PROBLEM TO SOLVE -
Transcribe the data exactly, omitting whatever pictures it holds.

───── THE DATA

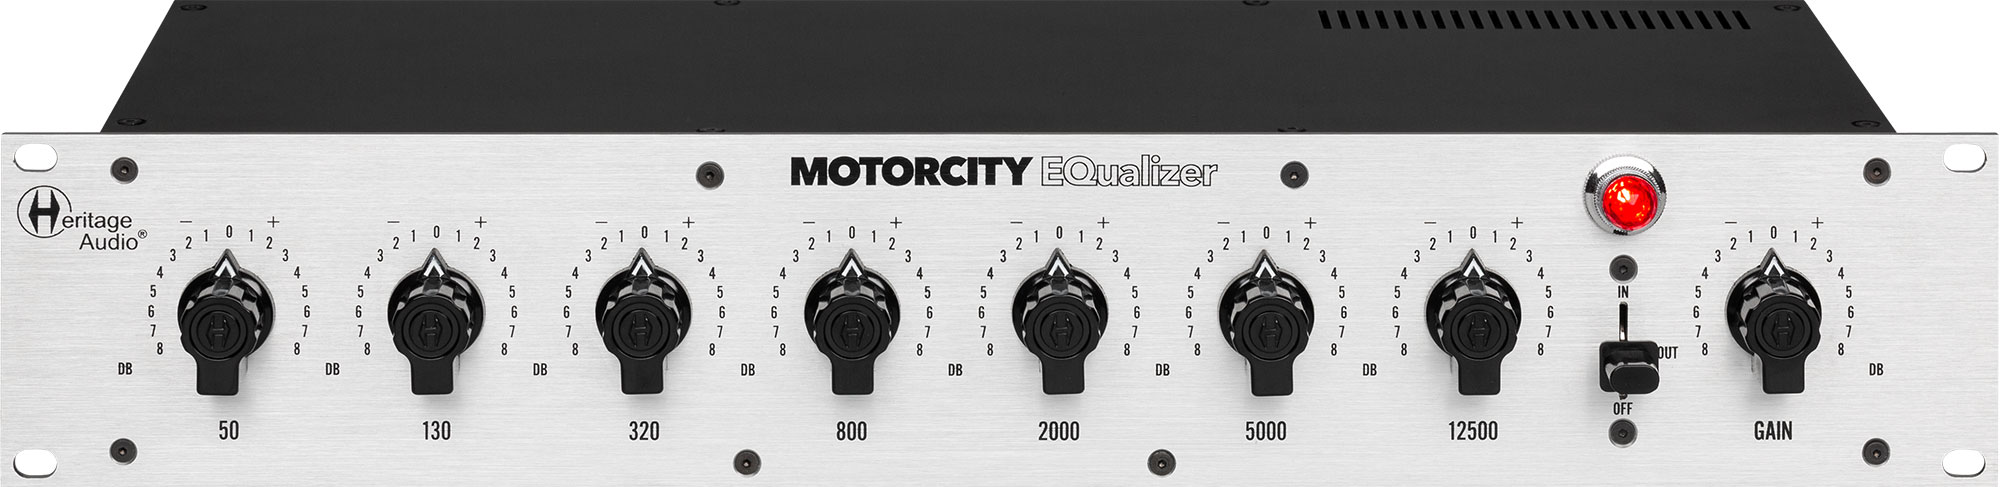 Heritage Audio MOTORCITY EQualizer - Gearlounge
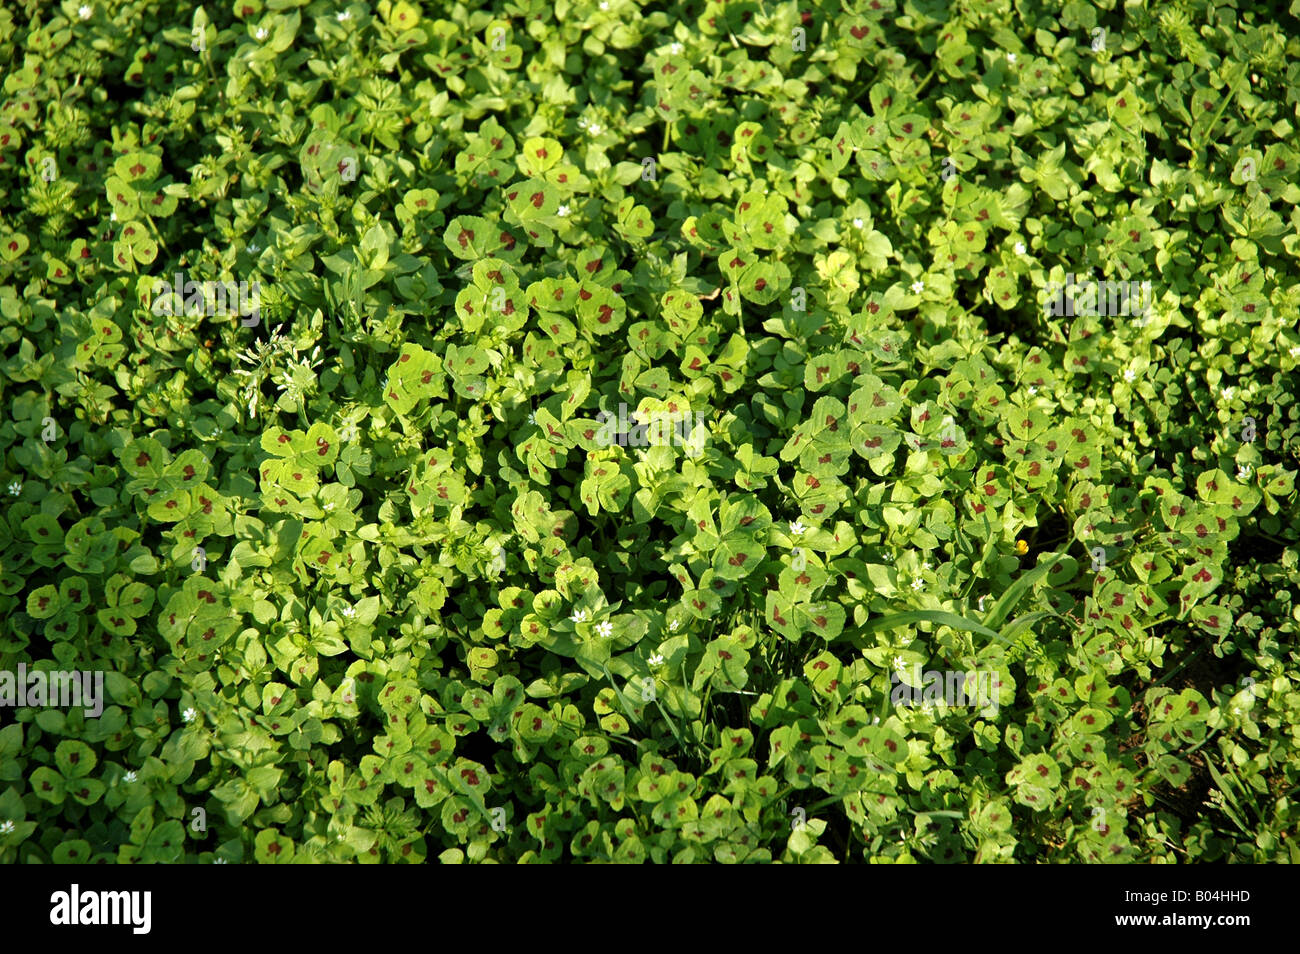 Sunny sonnig cuori Herzen verde trifoglio Grün Klee molla Frühling piante botaniche Pflanzen Nahaufnahme Close up Foto Stock
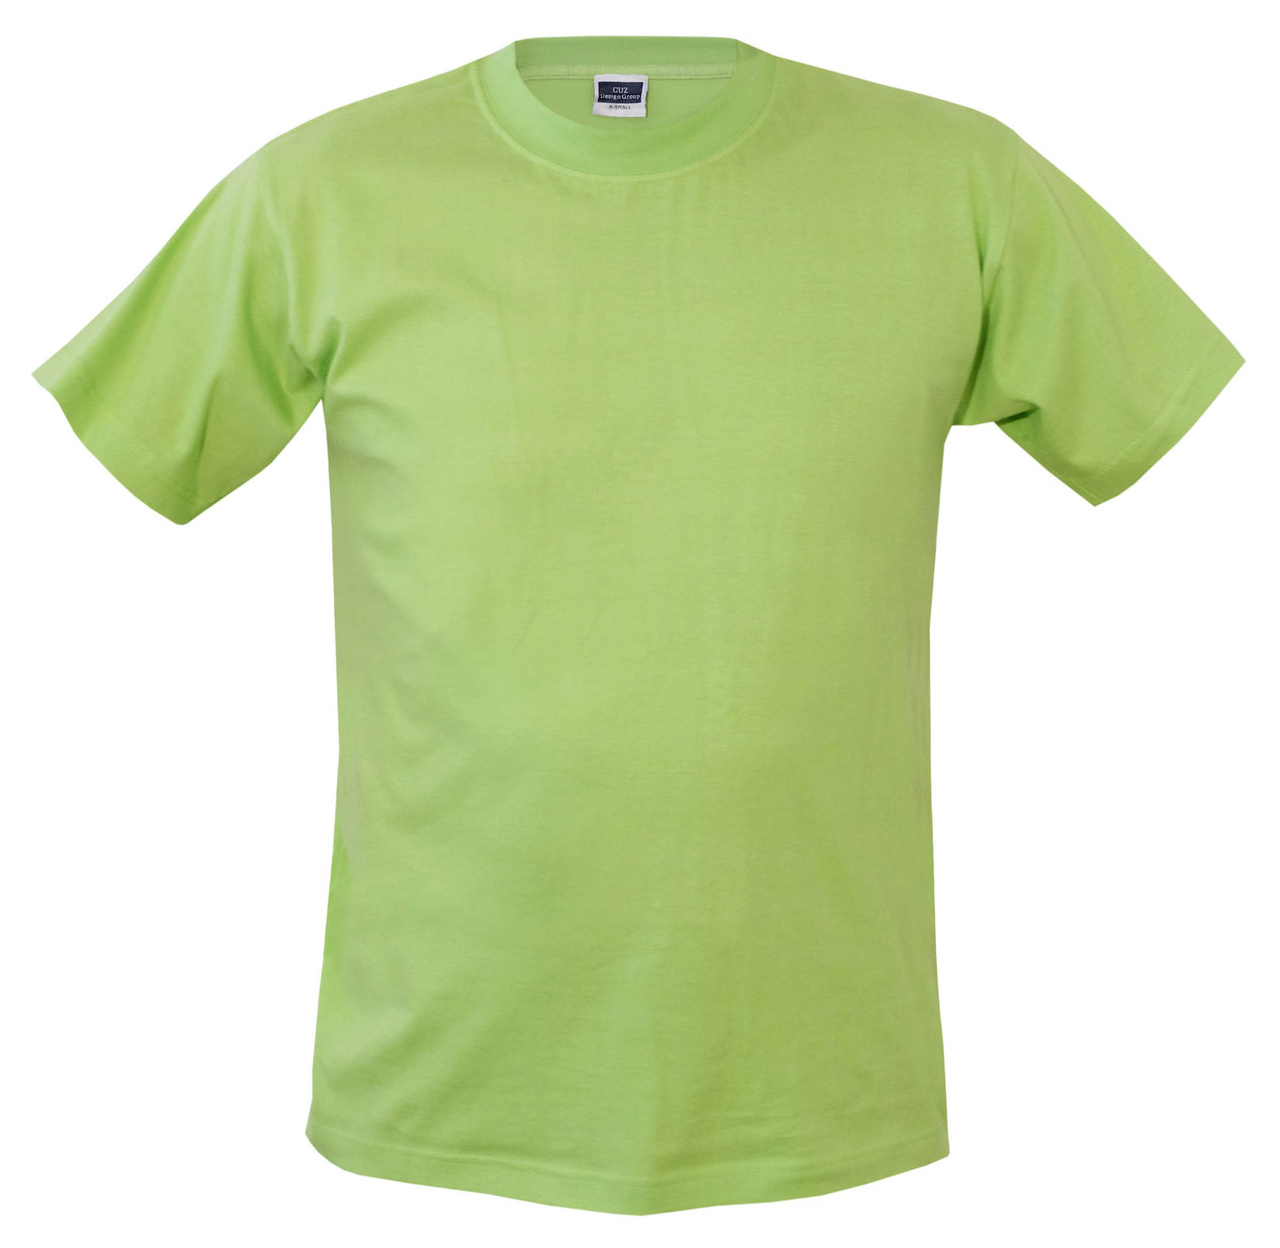 T-shirt, unisex - Lime
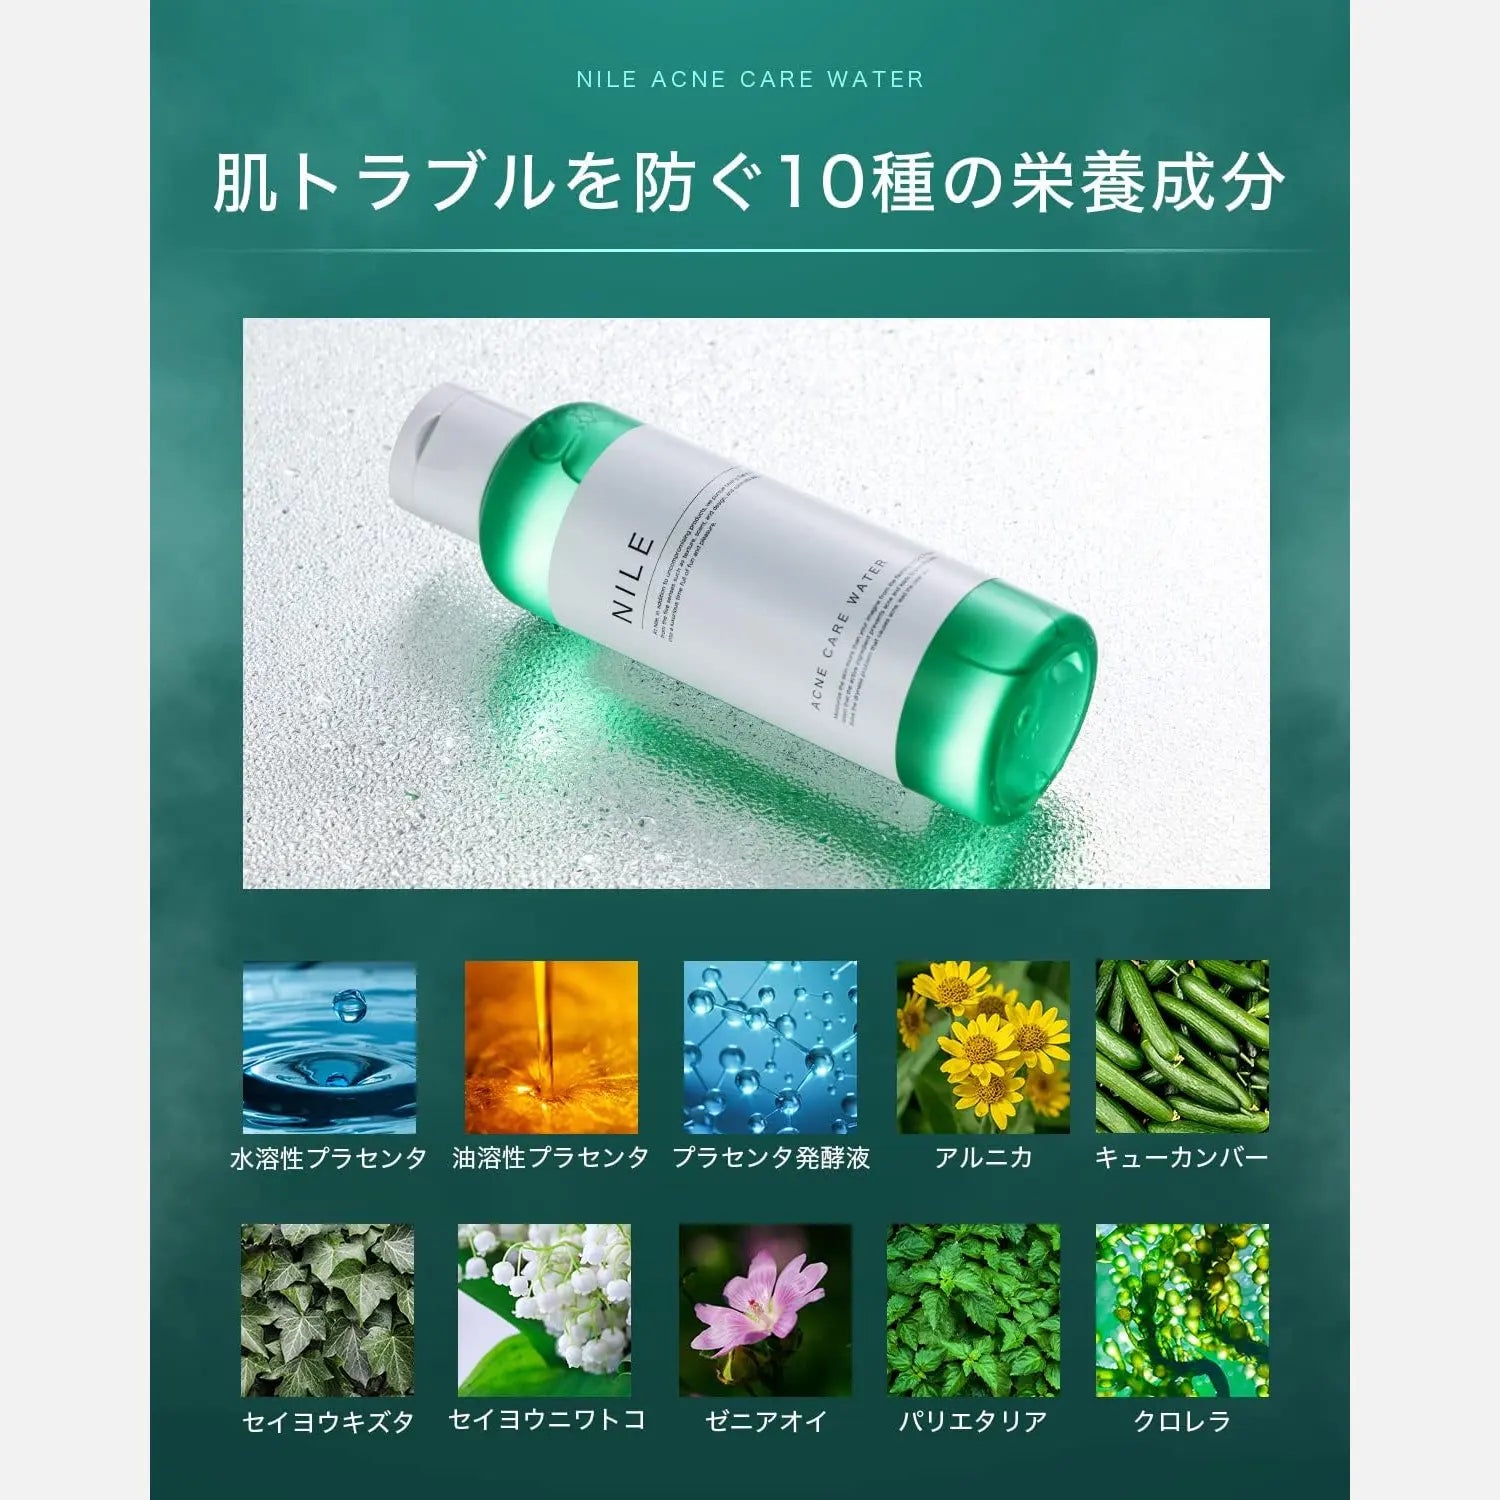 Nile Acne Care Face Lotion 150ml - Buy Me Japan

──────────

SOLUTION BELOW -
 Heritage Audio MOTORCITY EQualizer - Gearlounge
 Sunny sonnig cuori Herzen verde trifoglio Grün Klee molla Frühling piante botaniche Pflanzen Nahaufnahme Close up Foto Stock
 T-shirt, unisex - Lime
 Nile Acne Care Face Lotion 150ml - Buy Me Japan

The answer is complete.